Les souffleries de Modane ont retrouvé leur stabilité: l’injection dans le sous-sol de milliers de m3 de béton a stoppé leur affaissement, reste pour la septuagénaire à garder son coup d’avance dans les essais aéronautiques face aux Etats-Unis et à la Chine.

Nichée au creux de la vallée de la Maurienne, les souffleries, installées après guerre pour les besoins de la défense, contribuent aujourd’hui à l’élaboration des avions civils et à des programmes spatiaux. En moyenne sur 15 ans, le secteur militaire a représenté 35% de son activité.

L’aérodynamique des aéronefs y est étudiée avant le 1er vol et les formes des objets volants y sont déterminées à partir de maquettes soumises à un écoulement d’air pouvant atteindre une vitesse supersonique pour simuler des conditions de vol réelles et mesurer l’effet des flux ou des ondes de choc.

Depuis des années, S1MA la plus puissante soufflerie au monde pour le vol de croisière, appelée “la cathédrale des vents” du fait de ses proportions gigantesques, s’enfonçait doucement dans le sol avec deux à-coups majeurs en 2009 et 2015.

Des travaux de consolidation ont été entrepris en 2016 financés par une subvention de 20 millions d’euros accordée à l’Onera, le centre français de recherche aérospatiale dont dépendent les souffleries, par le ministère de la Défense.

Aujourd’hui, la soufflerie est “stabilisée” à 104 mm d’enfoncement grâce à l’injection de milliers de tonnes de mortier jusqu’à 50 m de profondeur pour combler des vides créés par la dissolution des roches en profondeur.

“La plus puissante soufflerie au monde n’est plus en danger immédiat d’effondrement”, souligne Patrick Wagner, le directeur des grands moyens techniques de l’Onera.

Les travaux de confortement prévoient en outre la construction de plus de 300 colonnes de béton ancrées à 25 m de profondeur d’ici fin 2019.

– Des ruptures majeures à venir ? –

Mais au-delà de ces travaux d’urgence, 80 millions d’euros sur 10 ans sont nécessaires pour financer la pérennisation des huit souffleries stratégiques françaises (Modane-Avrieux, Le Fauga-Mauzac et Saclay) mais aussi la mise au point de méthodes et techniques d’essais innovants pour “amplifier l’avance et ne pas se laisser rattraper”, selon M. Wagner.

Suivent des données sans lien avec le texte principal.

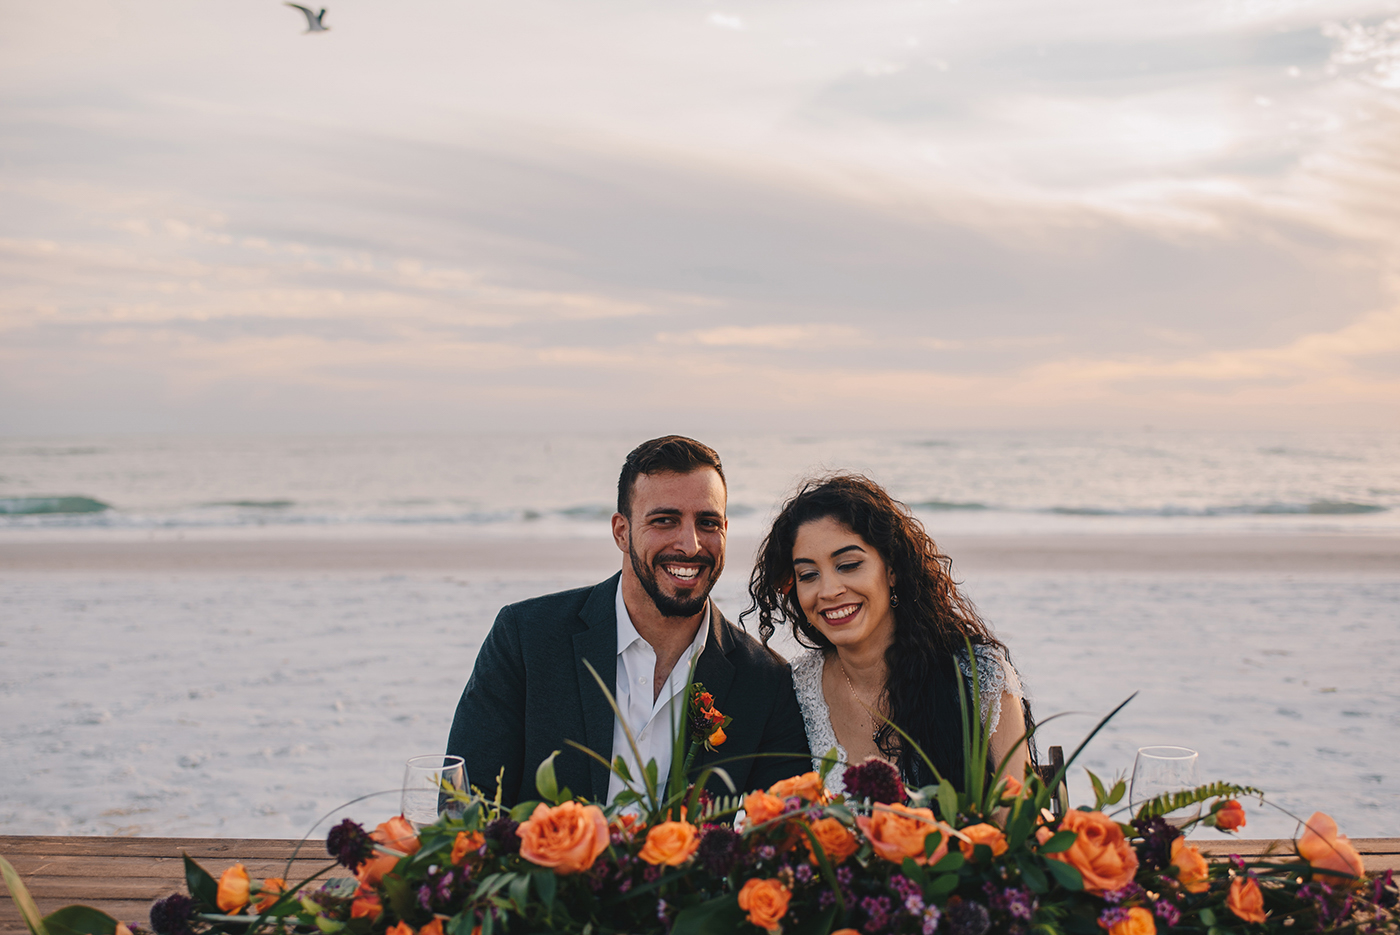 Los-Vargas-Photo-Moana-Wedding-Style-shoot-91.jpg

Si le calcul n’est pas près de remplacer l’expérimentation, “pas avant 2080-2100, voire jamais”, il faut investir dans le développement des savoir-faire, ajoute-t-il.

L’objectif est de “garder un coup d’avance” notamment face aux Etats-Unis et la Chine qui investissent dans les souffleries pour faire de la “rupture”.

Pour l’heure, les Chinois, qui développent un avion moyen-courrier, le Comac 919, “n’ont pas les méthodes d’essais”, estime M. Wagner. Il leur faudra une dizaine d’années pour arriver au niveau français et d’ici là il faudra les avoir à nouveau distancés, selon lui.

“C’est la course depuis 40 ans sauf qu’avant il y avait moins de coureurs, c’était plus facile d’être en tête”, ajoute-t-il.

Le défi à relever est celui de l’évolution des configurations des avions. Depuis 60 ans, leur forme n’a pas changé. Rien ne ressemble plus à un Boeing qu’un Airbus et inversement.

“Des ruptures majeures sont nécessaires pour aller au-delà d’une amélioration incrémentale continue”, souligne M. Wagner.

L’intégration du moteur à la cellule de l’avion est une des voies possibles.

L’Onera, dans sa mission de prospective et de recherche dans l’aviation et de “défricheur d’idées”, travaille sur un concept appelé “Nova”, intégrant la motorisation à l’arrière de l’aile ou du fuselage pour “améliorer le bilan propulsif conjoint de la cellule et du moteur”.

Autre idée: l’aile volante, au fuselage aplati. Un projet de recherche (CICAV, conception intégrée d’une configuration d’aile volante) imagine un appareil hybride pour transporter 400 passagers sur 8.000 miles nautiques (15.000 km) à une vitesse de mach 0,85 (1.050 km/h).

“Sur l’architecture classique, tout a été fait”, estime M. Wagner, pour qui il faut désormais investir pour sortir l’aviation civile de ses formes conventionnelles.